Instructions for the task
Leave the pictures out. Retype exactly the lines below from the one containing "Ricette Di Cucina" through the one containing "Three bottles of", and no others.

Source information
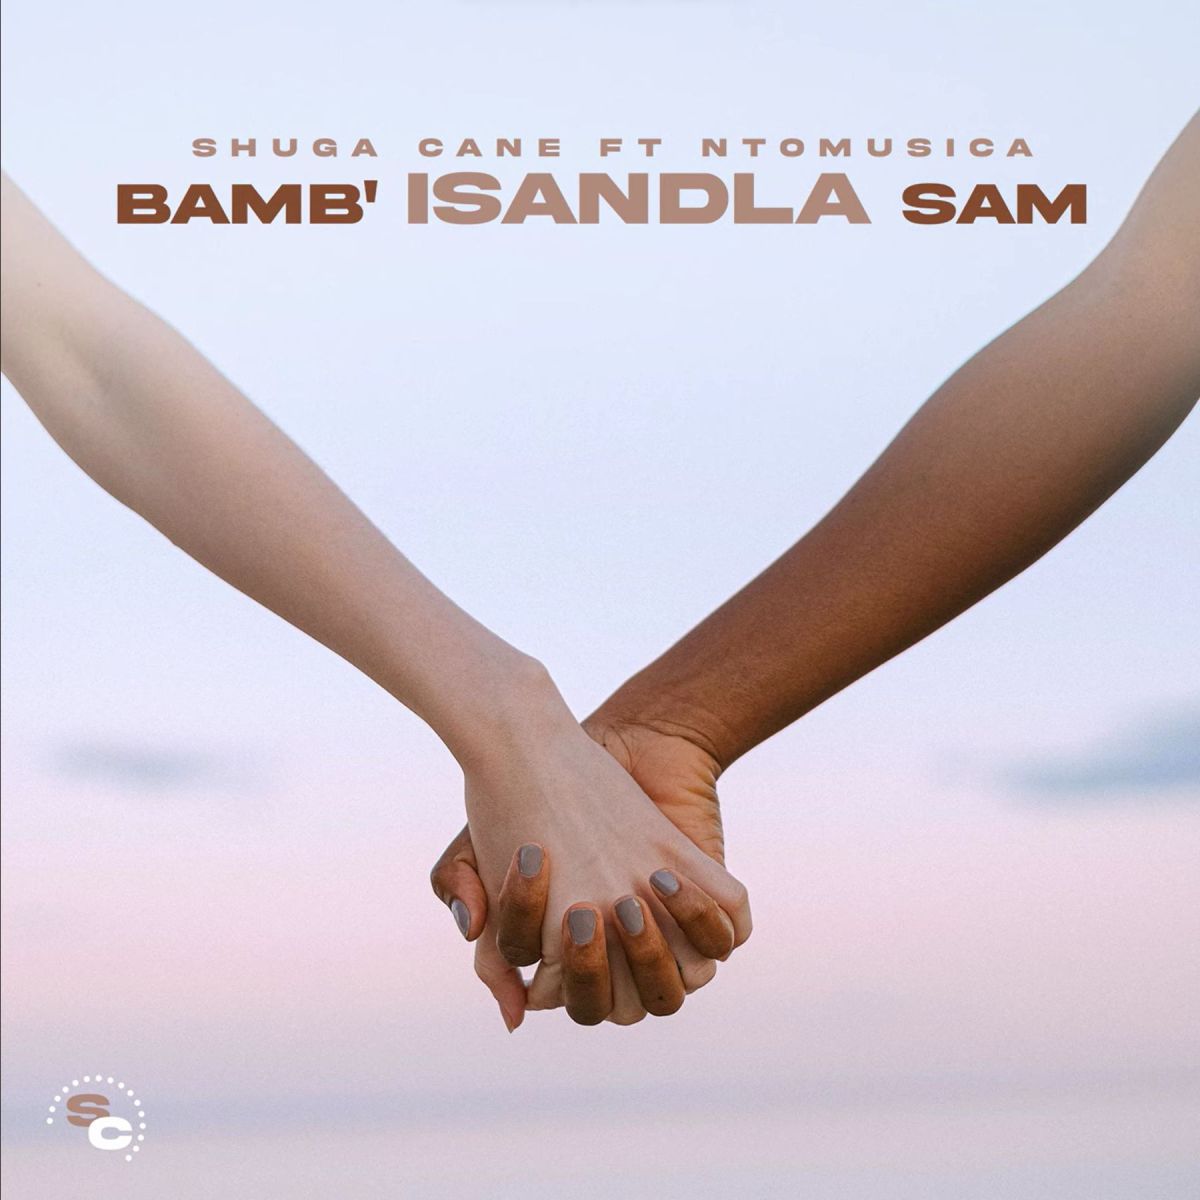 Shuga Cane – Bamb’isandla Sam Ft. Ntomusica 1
==
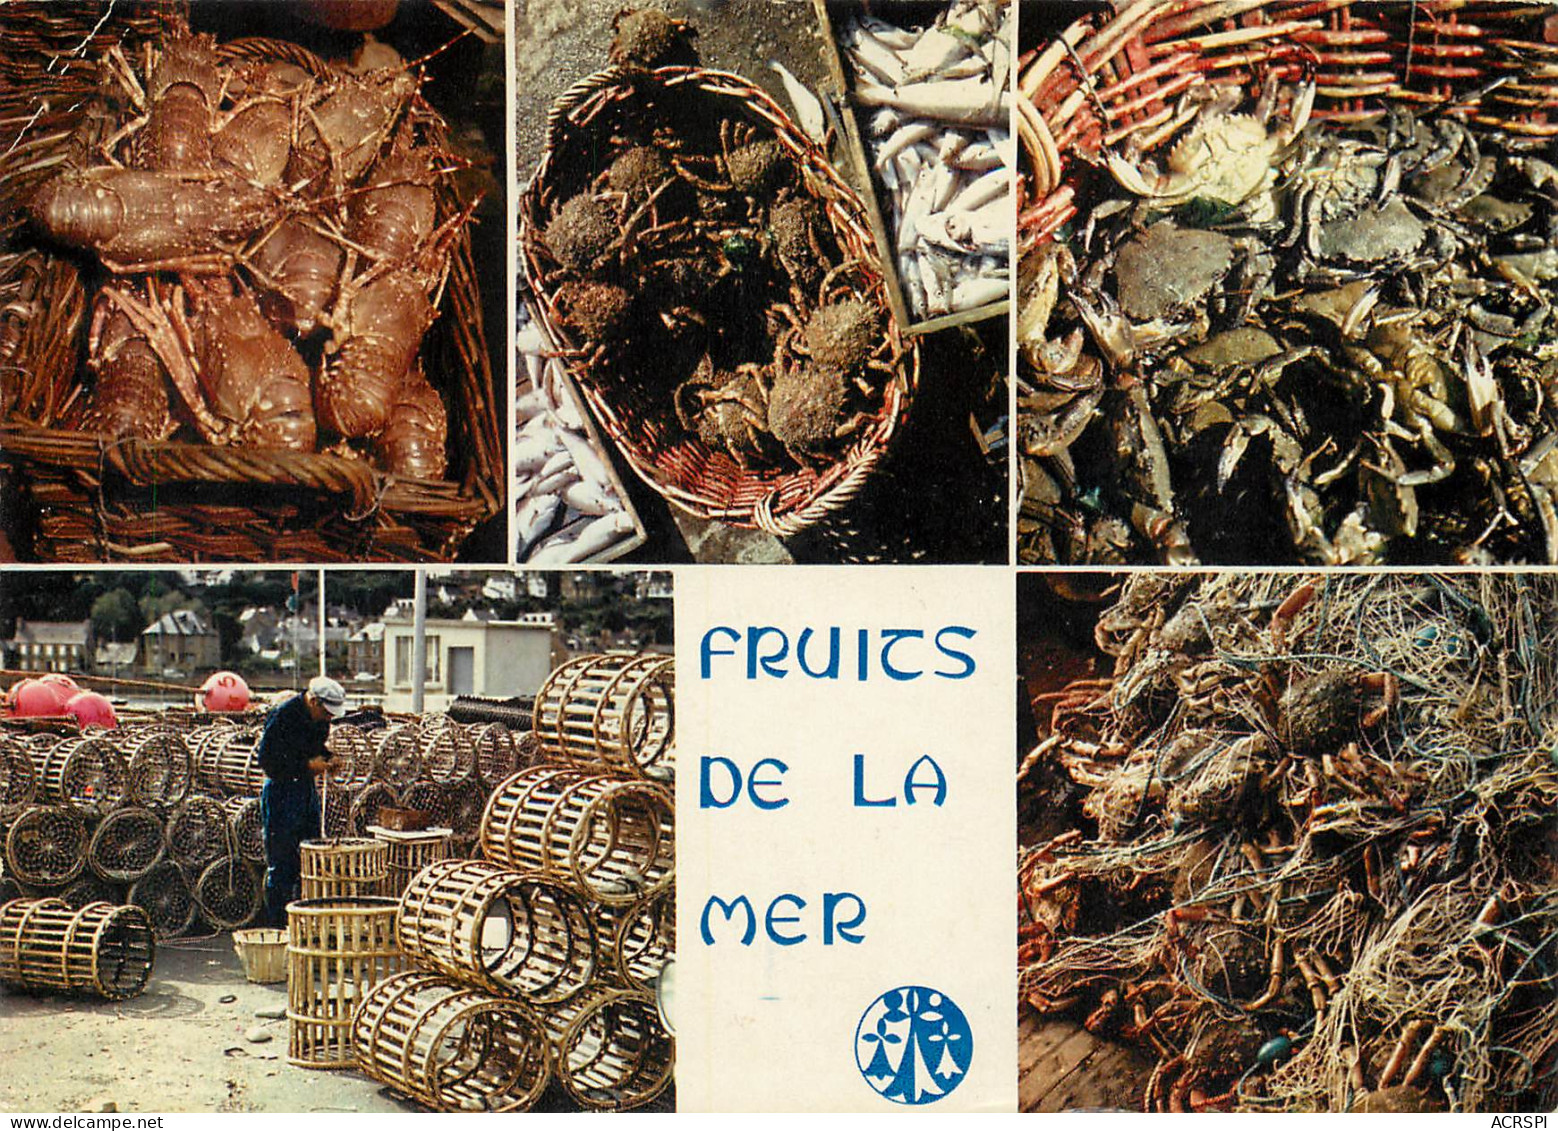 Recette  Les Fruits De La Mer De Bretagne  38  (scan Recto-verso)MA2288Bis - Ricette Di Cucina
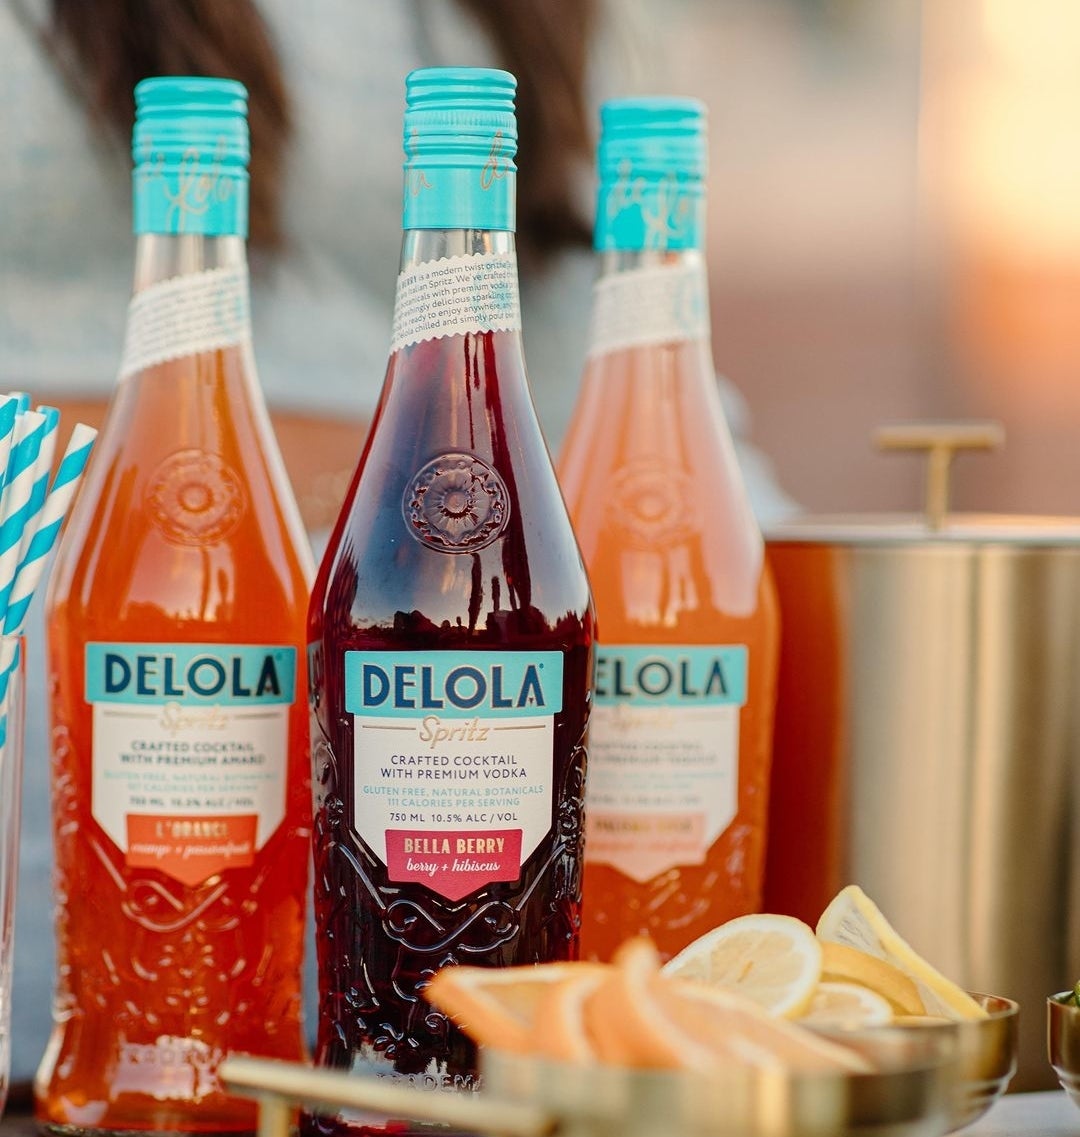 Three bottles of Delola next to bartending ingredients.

Answer to this exercise
 Recette  Les Fruits De La Mer De Bretagne  38  (scan Recto-verso)MA2288Bis - Ricette Di Cucina
 Three bottles of Delola next to bartending ingredients.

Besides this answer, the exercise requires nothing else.